Dataset records:
──────────
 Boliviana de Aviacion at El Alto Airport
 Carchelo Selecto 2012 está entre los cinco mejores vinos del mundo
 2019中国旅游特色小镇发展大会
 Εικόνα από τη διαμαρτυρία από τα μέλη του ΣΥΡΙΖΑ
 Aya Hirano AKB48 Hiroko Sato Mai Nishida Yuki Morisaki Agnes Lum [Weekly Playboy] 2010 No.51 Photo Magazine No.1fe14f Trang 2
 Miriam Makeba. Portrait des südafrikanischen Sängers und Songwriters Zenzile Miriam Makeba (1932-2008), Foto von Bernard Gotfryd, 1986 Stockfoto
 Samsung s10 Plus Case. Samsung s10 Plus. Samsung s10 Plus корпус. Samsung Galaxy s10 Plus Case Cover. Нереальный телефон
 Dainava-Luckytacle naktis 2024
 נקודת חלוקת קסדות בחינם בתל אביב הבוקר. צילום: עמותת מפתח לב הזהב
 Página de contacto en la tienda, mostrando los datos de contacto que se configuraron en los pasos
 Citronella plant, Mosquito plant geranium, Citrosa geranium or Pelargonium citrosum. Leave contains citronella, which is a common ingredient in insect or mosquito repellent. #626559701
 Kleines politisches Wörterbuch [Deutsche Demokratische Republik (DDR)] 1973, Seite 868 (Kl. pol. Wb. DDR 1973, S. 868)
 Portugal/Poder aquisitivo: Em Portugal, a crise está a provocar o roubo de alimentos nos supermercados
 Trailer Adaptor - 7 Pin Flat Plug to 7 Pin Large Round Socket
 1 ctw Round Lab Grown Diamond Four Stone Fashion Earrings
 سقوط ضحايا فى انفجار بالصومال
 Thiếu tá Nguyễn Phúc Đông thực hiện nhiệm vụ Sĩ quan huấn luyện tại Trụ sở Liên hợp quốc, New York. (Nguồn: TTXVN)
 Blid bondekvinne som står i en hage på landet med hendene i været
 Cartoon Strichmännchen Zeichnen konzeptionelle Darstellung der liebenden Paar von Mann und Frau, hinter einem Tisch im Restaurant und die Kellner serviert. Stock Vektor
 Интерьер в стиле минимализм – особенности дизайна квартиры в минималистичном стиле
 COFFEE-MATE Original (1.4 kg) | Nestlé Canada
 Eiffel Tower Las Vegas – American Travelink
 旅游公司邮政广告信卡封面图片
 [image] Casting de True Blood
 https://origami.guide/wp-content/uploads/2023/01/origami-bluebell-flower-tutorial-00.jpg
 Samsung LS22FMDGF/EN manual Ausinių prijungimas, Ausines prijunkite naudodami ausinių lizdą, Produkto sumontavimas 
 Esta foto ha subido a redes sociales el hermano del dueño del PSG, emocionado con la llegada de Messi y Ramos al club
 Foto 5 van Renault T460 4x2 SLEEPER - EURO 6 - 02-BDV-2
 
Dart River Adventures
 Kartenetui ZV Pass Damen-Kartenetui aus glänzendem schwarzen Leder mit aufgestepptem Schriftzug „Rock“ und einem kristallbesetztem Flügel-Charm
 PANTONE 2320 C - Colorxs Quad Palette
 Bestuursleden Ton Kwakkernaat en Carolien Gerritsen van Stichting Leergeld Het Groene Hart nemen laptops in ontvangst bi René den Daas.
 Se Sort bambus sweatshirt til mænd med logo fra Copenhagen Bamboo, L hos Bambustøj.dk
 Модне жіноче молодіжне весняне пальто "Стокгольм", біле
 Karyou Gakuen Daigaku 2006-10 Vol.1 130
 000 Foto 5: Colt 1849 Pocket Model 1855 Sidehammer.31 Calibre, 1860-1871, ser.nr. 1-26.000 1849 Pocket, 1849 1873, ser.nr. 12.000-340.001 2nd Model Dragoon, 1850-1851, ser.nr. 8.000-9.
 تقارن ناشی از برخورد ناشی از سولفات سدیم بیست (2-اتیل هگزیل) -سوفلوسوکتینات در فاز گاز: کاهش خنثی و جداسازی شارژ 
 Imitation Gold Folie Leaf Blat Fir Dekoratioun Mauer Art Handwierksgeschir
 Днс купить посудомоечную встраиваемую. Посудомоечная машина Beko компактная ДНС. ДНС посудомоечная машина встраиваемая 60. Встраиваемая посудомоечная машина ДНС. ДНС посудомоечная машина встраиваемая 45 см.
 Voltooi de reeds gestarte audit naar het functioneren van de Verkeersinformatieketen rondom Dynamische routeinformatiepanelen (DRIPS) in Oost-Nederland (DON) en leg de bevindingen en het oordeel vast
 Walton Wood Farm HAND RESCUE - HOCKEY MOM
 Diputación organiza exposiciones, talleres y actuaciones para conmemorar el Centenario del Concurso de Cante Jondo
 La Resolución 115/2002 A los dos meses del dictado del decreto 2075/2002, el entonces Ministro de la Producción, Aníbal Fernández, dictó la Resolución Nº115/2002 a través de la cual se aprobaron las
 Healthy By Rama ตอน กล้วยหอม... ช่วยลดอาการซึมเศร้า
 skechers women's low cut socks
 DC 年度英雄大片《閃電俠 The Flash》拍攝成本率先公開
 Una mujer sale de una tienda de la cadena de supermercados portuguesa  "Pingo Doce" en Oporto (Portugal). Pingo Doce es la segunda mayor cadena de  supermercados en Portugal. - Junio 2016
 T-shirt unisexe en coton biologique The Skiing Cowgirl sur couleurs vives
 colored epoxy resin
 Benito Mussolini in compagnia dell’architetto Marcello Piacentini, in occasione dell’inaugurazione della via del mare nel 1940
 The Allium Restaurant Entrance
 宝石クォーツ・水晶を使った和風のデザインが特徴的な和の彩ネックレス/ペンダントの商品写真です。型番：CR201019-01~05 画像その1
──────────
Taking the entries above, print exactly the lines starting at the line with "Diputación organiza exposiciones, talleres" and ending at the line with "La Resolución 115/2002", both included.

 Diputación organiza exposiciones, talleres y actuaciones para conmemorar el Centenario del Concurso de Cante Jondo
 La Resolución 115/2002 A los dos meses del dictado del decreto 2075/2002, el entonces Ministro de la Producción, Aníbal Fernández, dictó la Resolución Nº115/2002 a través de la cual se aprobaron las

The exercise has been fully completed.